Banks will have to ascertain the foreign currency exposure (FCE) of all entities at least annually, the RBI said, adding the revised rules will be effective from Jan. 1, 2023. The revised rules, though, expanded the scope of exemptions, allowing banks to exclude exposures from ‘factoring transactions’ from now on, apart from exposures arising out of derivative transactions. Banks shall determine the potential loss to an entity from unhedged foreign currency exposure (UFCE) using the largest annual volatility in the rupee-dollar exchange rate in the last ten years, the RBI said.

Entities which do not hedge their foreign currency exposures can incur significant losses during the period of heightened volatility in foreign exchange rates,” the RBI said. “These losses may reduce their capacity to service the loans taken from the banking system and increase their probability of default, thereby affecting the health of the banking system.”

Other Highlights of the Week

Credit rating without lenders info cannot be used by banks for capital computation

To improve ratings disclosures on bank credit to large customers, RBI mentioned that unless rating agencies disclose names of all lenders in their rating statements, banks cannot use such ratings for capital computation for making provisions.

As part of the master circular on Basel III capital regulations, issued on April 1, 2022, the monetary authority had asked rating agencies to disclose the name of all the banks in the credit rating statements after getting the consent from borrowers from August 31, 2021. But they have not been doing so citing their inability to secure the consent from borrowers.Such disclosures make banks eligible to compute their capital requirement for such loans and make the needed capital provisions.

It is observed that the press releases issued by rating agencies on rating actions are often devoid of the lenders’ details. Absence of such information may result in banks applying the derived risk weights for unrated exposures, without satisfying themselves regarding adherence to prescribed conditions. This may, consequently, lead to potentially lower provision of capital as well as underpricing of risks,” the central bank said in the latest notification, which is aimed at addressing such information asymmetry.

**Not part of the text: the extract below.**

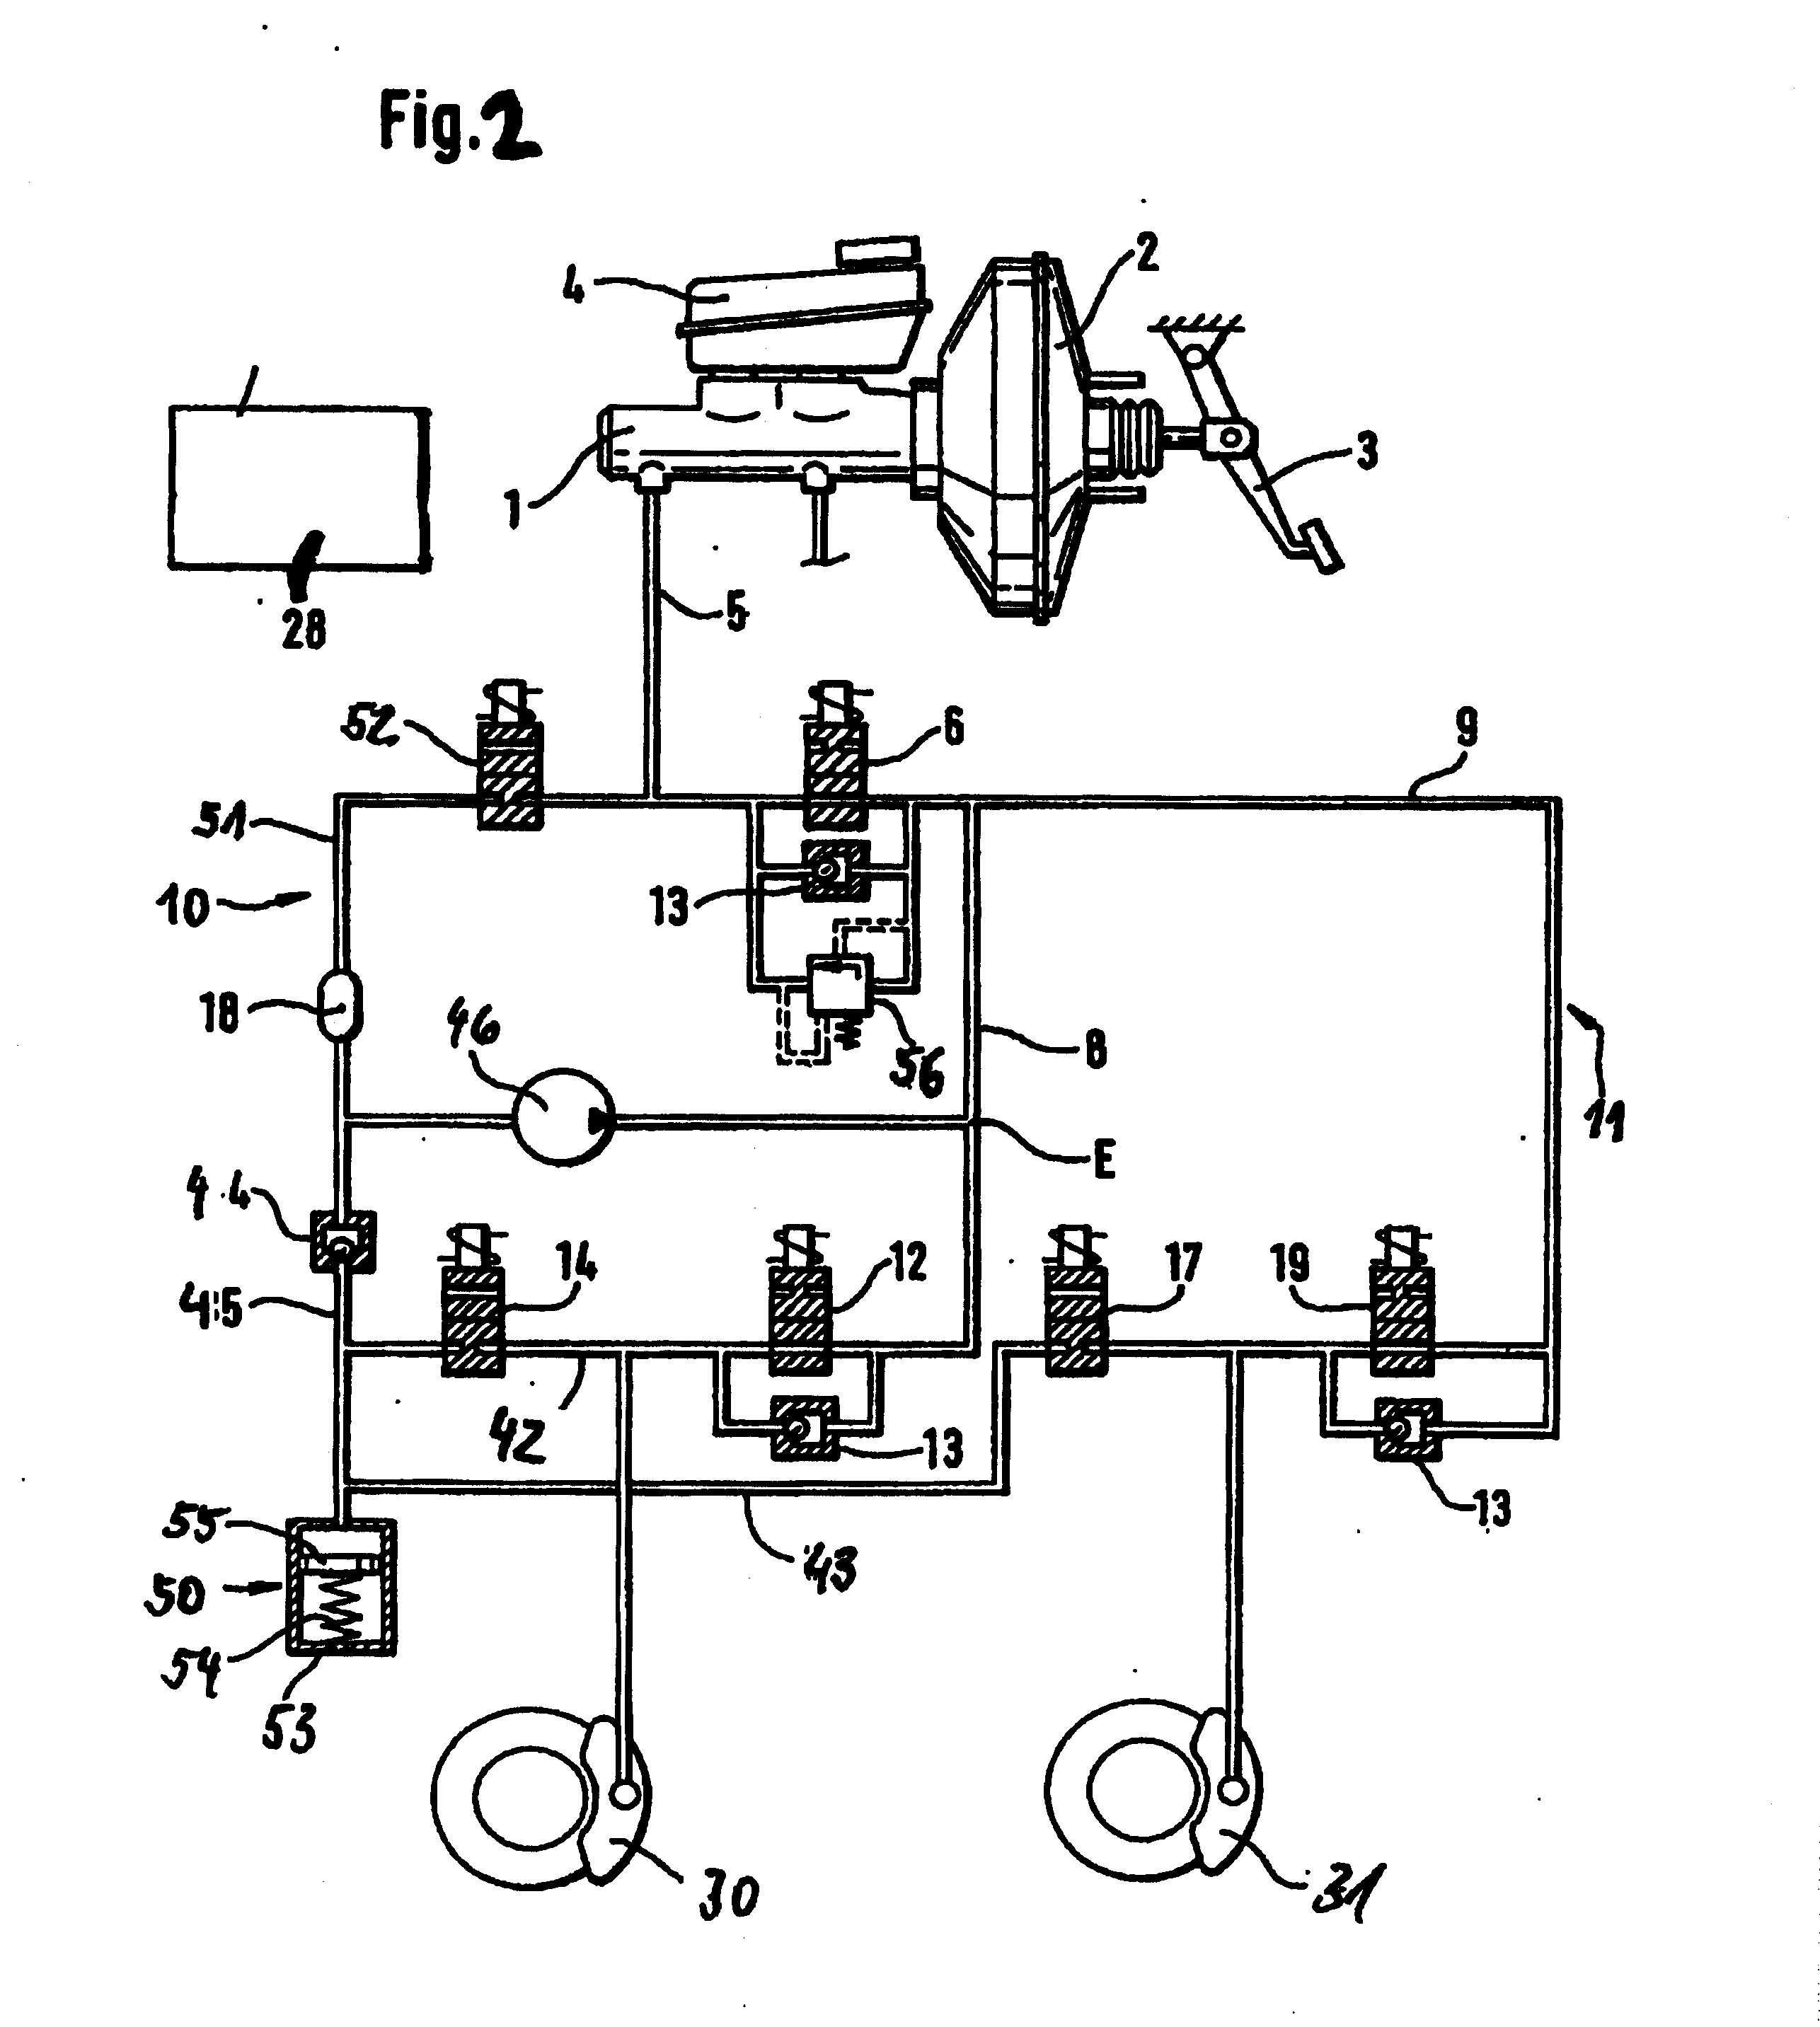 Method and system for stabilizing a car-trailer combination

IRDAI offer more flexibility to general insurance companies

The Insurance Regulatory & Development Authority of India  has offered more flexibility to general insurance companies in designing and pricing of products under miscellaneous lines of business and allowed them to launch these in the market without prior regulatory approval. This is to facilitate the industry to respond faster to the emerging market needs in terms of designing and pricing of general products and to promote efficiency in the conduct of general insurance business.

Now, IRDAI has extended the ‘Use and File’ procedure, ie. launching insurance products without prior approval, to all categories “in its sustained endeavour to promote creative innovation and ease of doing business”.